BRIEF: Leave every image behind and restate the data word for word.

AVAILABLE DATA:
*** Block opens ***
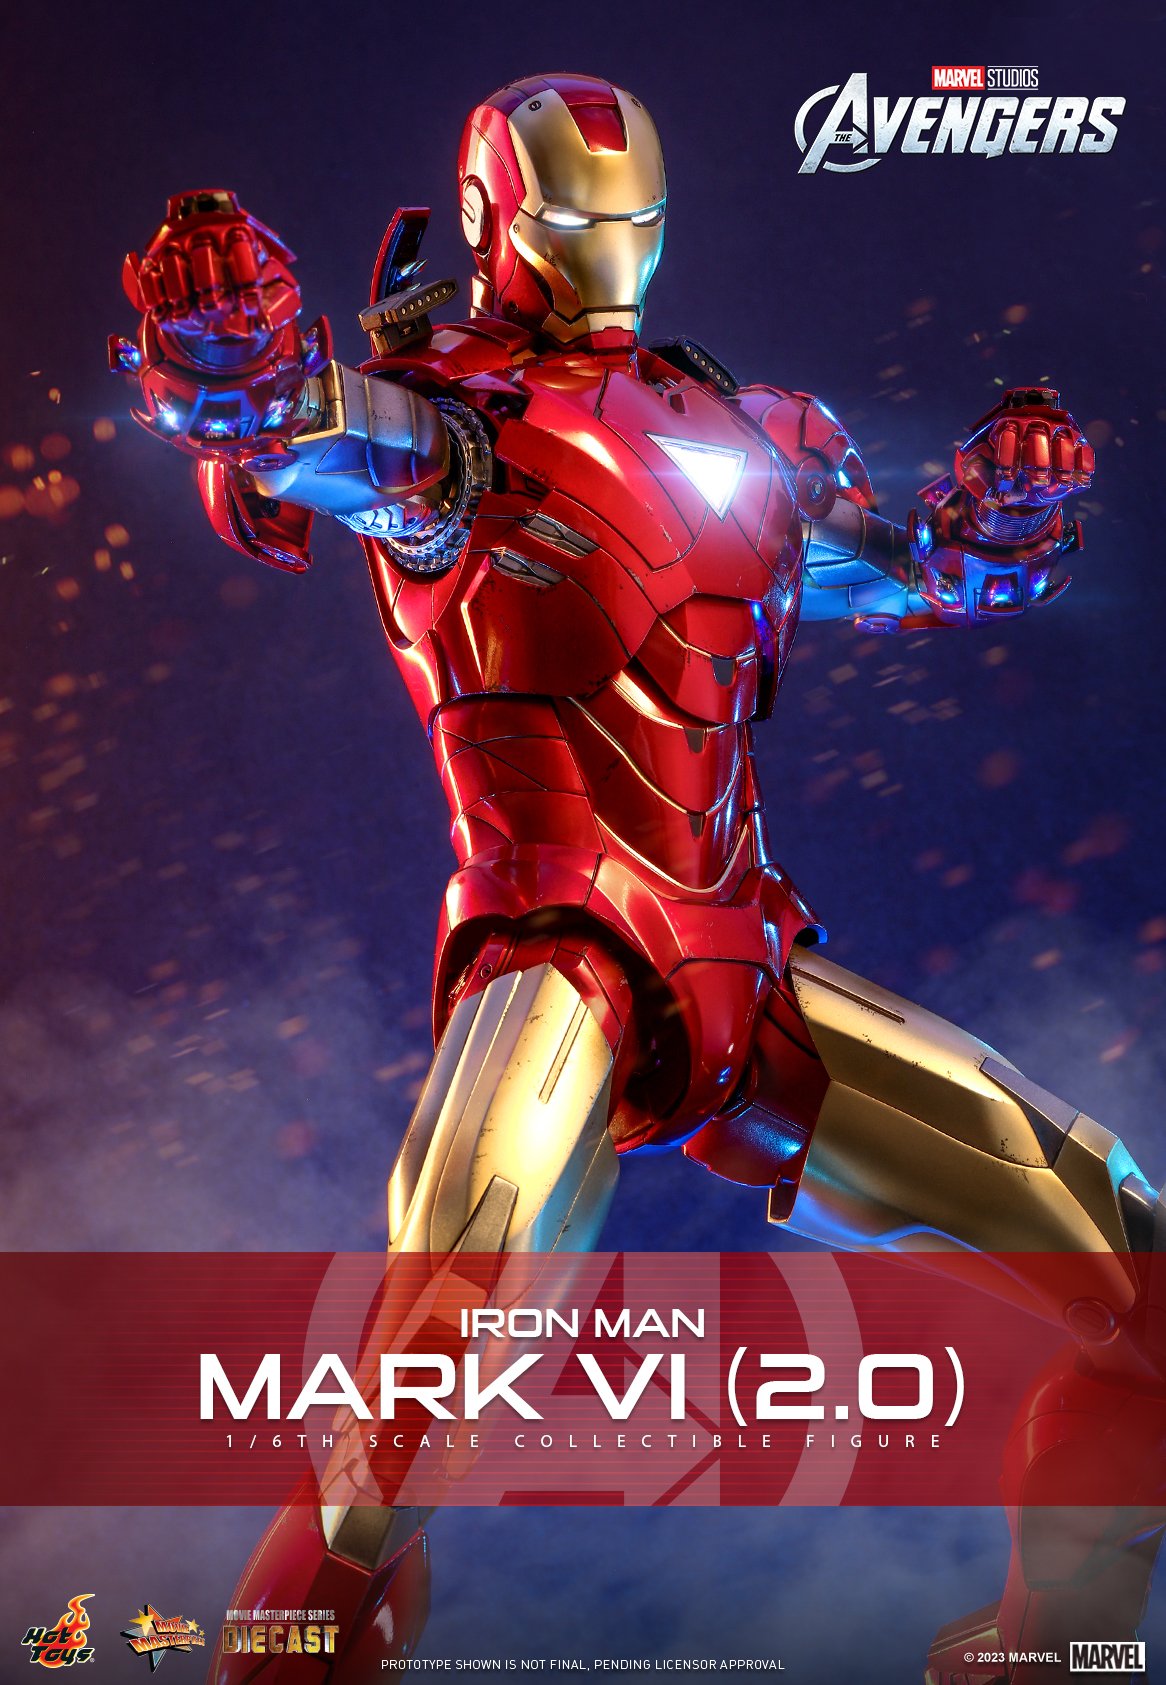 Iron Man Mark VI (2.0): Được nâng cấp với những tính năng vượt trội hơn, Iron Man Mark VI (2.0) sẽ làm cho bạn bất ngờ và cảm thấy hào hứng khi chiêm ngưỡng hình ảnh của nó.
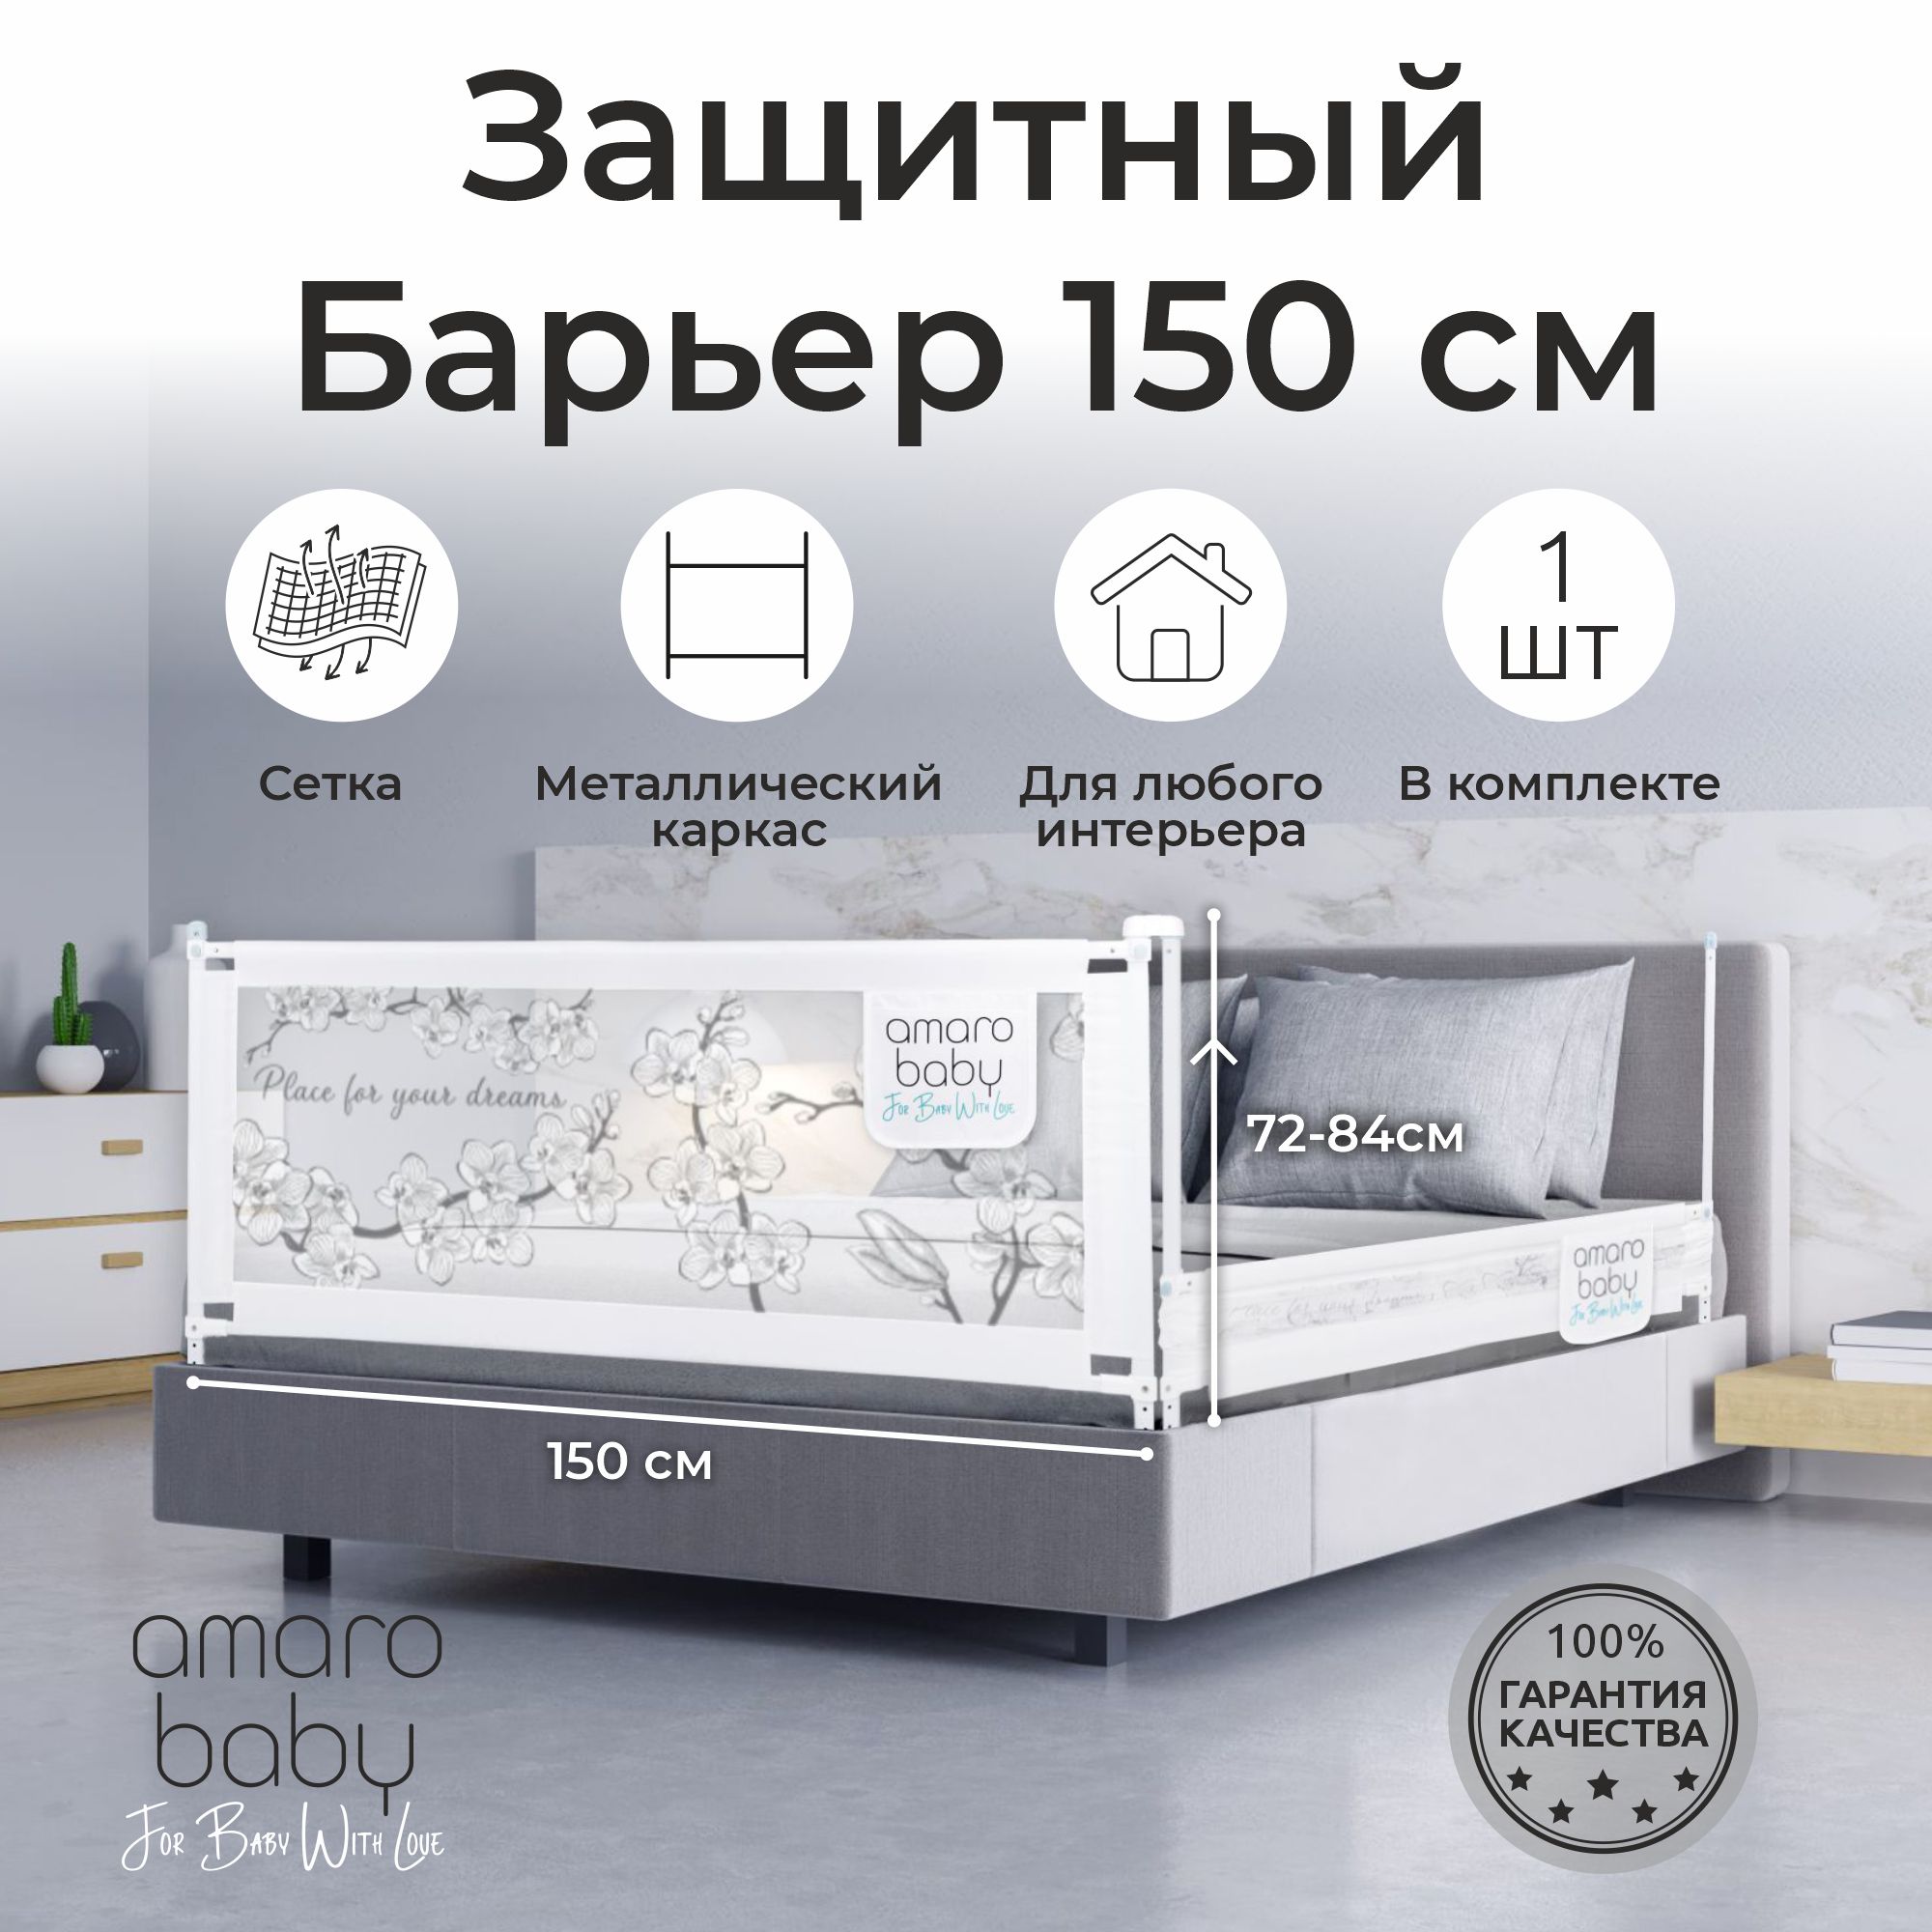 Барьер защитный для кровати AMAROBABY safety of dreams, 150 см, ограничитель-безопасности
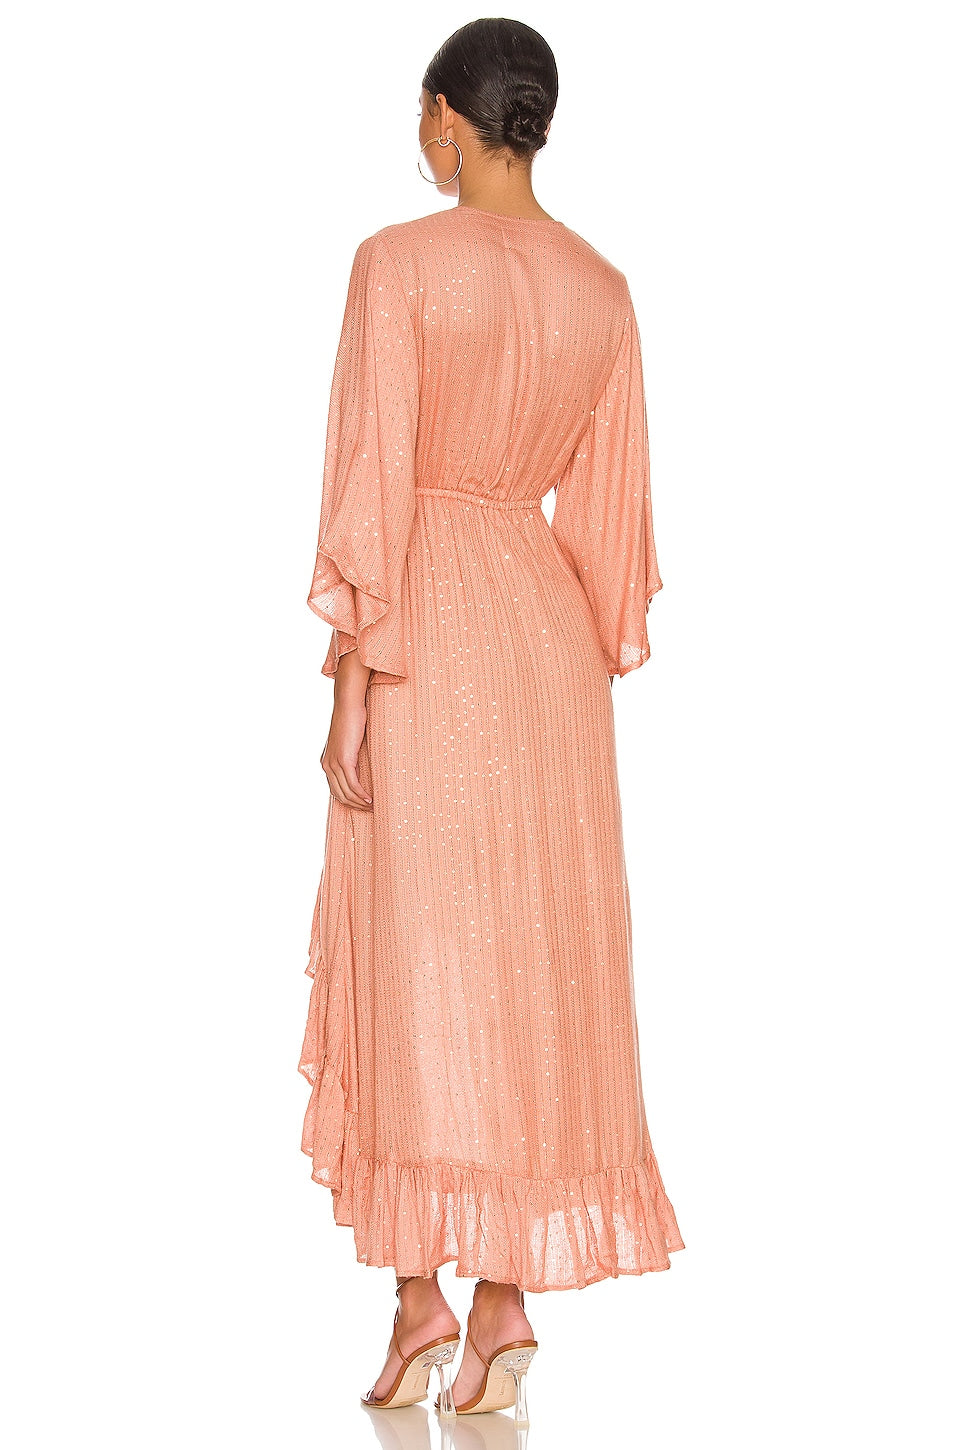 Sundress Juliana Dress in Saint Barth Terracotta SIZE X-SMALL
*** Block closes ***
EXERCISE ANSWER:
 Iron Man Mark VI (2.0): Được nâng cấp với những tính năng vượt trội hơn, Iron Man Mark VI (2.0) sẽ làm cho bạn bất ngờ và cảm thấy hào hứng khi chiêm ngưỡng hình ảnh của nó.
 Барьер защитный для кровати AMAROBABY safety of dreams, 150 см, ограничитель-безопасности
 Sundress Juliana Dress in Saint Barth Terracotta SIZE X-SMALL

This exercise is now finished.